Beginning at the line containing "COHEALI 2pcs halloween" in the material below and ending at the line containing "19152 Mountain Range", return each line exactly and add nothing.

#### Dataset records

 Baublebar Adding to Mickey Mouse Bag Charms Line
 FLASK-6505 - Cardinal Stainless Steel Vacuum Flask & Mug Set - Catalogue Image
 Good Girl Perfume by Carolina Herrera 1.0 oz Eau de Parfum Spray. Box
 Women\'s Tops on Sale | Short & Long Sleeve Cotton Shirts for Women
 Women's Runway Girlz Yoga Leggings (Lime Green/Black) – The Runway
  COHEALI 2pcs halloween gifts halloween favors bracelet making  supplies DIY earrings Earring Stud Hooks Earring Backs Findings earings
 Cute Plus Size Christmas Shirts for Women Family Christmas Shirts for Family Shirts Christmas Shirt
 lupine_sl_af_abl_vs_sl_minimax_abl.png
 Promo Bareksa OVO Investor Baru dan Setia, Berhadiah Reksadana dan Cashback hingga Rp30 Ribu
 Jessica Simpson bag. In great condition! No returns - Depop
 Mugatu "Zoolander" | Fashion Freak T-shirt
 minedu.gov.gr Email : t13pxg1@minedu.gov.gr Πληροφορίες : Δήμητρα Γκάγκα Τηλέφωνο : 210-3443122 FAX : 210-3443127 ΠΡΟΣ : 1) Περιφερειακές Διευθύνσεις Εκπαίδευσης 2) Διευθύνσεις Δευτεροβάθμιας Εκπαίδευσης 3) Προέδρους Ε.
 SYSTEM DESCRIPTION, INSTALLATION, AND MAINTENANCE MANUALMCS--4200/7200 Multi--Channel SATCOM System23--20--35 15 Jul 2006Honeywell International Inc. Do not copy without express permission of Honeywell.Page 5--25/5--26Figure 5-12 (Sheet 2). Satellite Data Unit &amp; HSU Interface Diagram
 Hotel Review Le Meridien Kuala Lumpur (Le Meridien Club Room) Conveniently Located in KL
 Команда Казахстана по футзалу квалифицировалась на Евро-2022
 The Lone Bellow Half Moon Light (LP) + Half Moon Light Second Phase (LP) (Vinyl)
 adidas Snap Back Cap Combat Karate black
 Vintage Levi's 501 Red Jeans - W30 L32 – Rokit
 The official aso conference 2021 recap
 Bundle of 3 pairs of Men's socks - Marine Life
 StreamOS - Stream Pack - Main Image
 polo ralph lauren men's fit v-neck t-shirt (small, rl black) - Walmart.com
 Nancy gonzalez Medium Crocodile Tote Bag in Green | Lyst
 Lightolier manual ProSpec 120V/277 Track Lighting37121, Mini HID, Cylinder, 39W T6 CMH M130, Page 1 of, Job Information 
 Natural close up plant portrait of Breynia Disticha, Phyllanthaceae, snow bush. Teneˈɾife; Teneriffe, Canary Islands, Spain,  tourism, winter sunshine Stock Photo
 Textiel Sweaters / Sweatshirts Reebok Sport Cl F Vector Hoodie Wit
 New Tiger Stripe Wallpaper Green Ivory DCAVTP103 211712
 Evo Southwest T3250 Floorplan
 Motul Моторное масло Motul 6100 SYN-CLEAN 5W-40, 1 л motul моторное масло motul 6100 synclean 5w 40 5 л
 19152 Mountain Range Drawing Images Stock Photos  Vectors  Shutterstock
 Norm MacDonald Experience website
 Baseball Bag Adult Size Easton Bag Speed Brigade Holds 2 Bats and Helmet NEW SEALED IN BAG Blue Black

########

Output for this task —
  COHEALI 2pcs halloween gifts halloween favors bracelet making  supplies DIY earrings Earring Stud Hooks Earring Backs Findings earings
 Cute Plus Size Christmas Shirts for Women Family Christmas Shirts for Family Shirts Christmas Shirt
 lupine_sl_af_abl_vs_sl_minimax_abl.png
 Promo Bareksa OVO Investor Baru dan Setia, Berhadiah Reksadana dan Cashback hingga Rp30 Ribu
 Jessica Simpson bag. In great condition! No returns - Depop
 Mugatu "Zoolander" | Fashion Freak T-shirt
 minedu.gov.gr Email : t13pxg1@minedu.gov.gr Πληροφορίες : Δήμητρα Γκάγκα Τηλέφωνο : 210-3443122 FAX : 210-3443127 ΠΡΟΣ : 1) Περιφερειακές Διευθύνσεις Εκπαίδευσης 2) Διευθύνσεις Δευτεροβάθμιας Εκπαίδευσης 3) Προέδρους Ε.
 SYSTEM DESCRIPTION, INSTALLATION, AND MAINTENANCE MANUALMCS--4200/7200 Multi--Channel SATCOM System23--20--35 15 Jul 2006Honeywell International Inc. Do not copy without express permission of Honeywell.Page 5--25/5--26Figure 5-12 (Sheet 2). Satellite Data Unit &amp; HSU Interface Diagram
 Hotel Review Le Meridien Kuala Lumpur (Le Meridien Club Room) Conveniently Located in KL
 Команда Казахстана по футзалу квалифицировалась на Евро-2022
 The Lone Bellow Half Moon Light (LP) + Half Moon Light Second Phase (LP) (Vinyl)
 adidas Snap Back Cap Combat Karate black
 Vintage Levi's 501 Red Jeans - W30 L32 – Rokit
 The official aso conference 2021 recap
 Bundle of 3 pairs of Men's socks - Marine Life
 StreamOS - Stream Pack - Main Image
 polo ralph lauren men's fit v-neck t-shirt (small, rl black) - Walmart.com
 Nancy gonzalez Medium Crocodile Tote Bag in Green | Lyst
 Lightolier manual ProSpec 120V/277 Track Lighting37121, Mini HID, Cylinder, 39W T6 CMH M130, Page 1 of, Job Information 
 Natural close up plant portrait of Breynia Disticha, Phyllanthaceae, snow bush. Teneˈɾife; Teneriffe, Canary Islands, Spain,  tourism, winter sunshine Stock Photo
 Textiel Sweaters / Sweatshirts Reebok Sport Cl F Vector Hoodie Wit
 New Tiger Stripe Wallpaper Green Ivory DCAVTP103 211712
 Evo Southwest T3250 Floorplan
 Motul Моторное масло Motul 6100 SYN-CLEAN 5W-40, 1 л motul моторное масло motul 6100 synclean 5w 40 5 л
 19152 Mountain Range Drawing Images Stock Photos  Vectors  Shutterstock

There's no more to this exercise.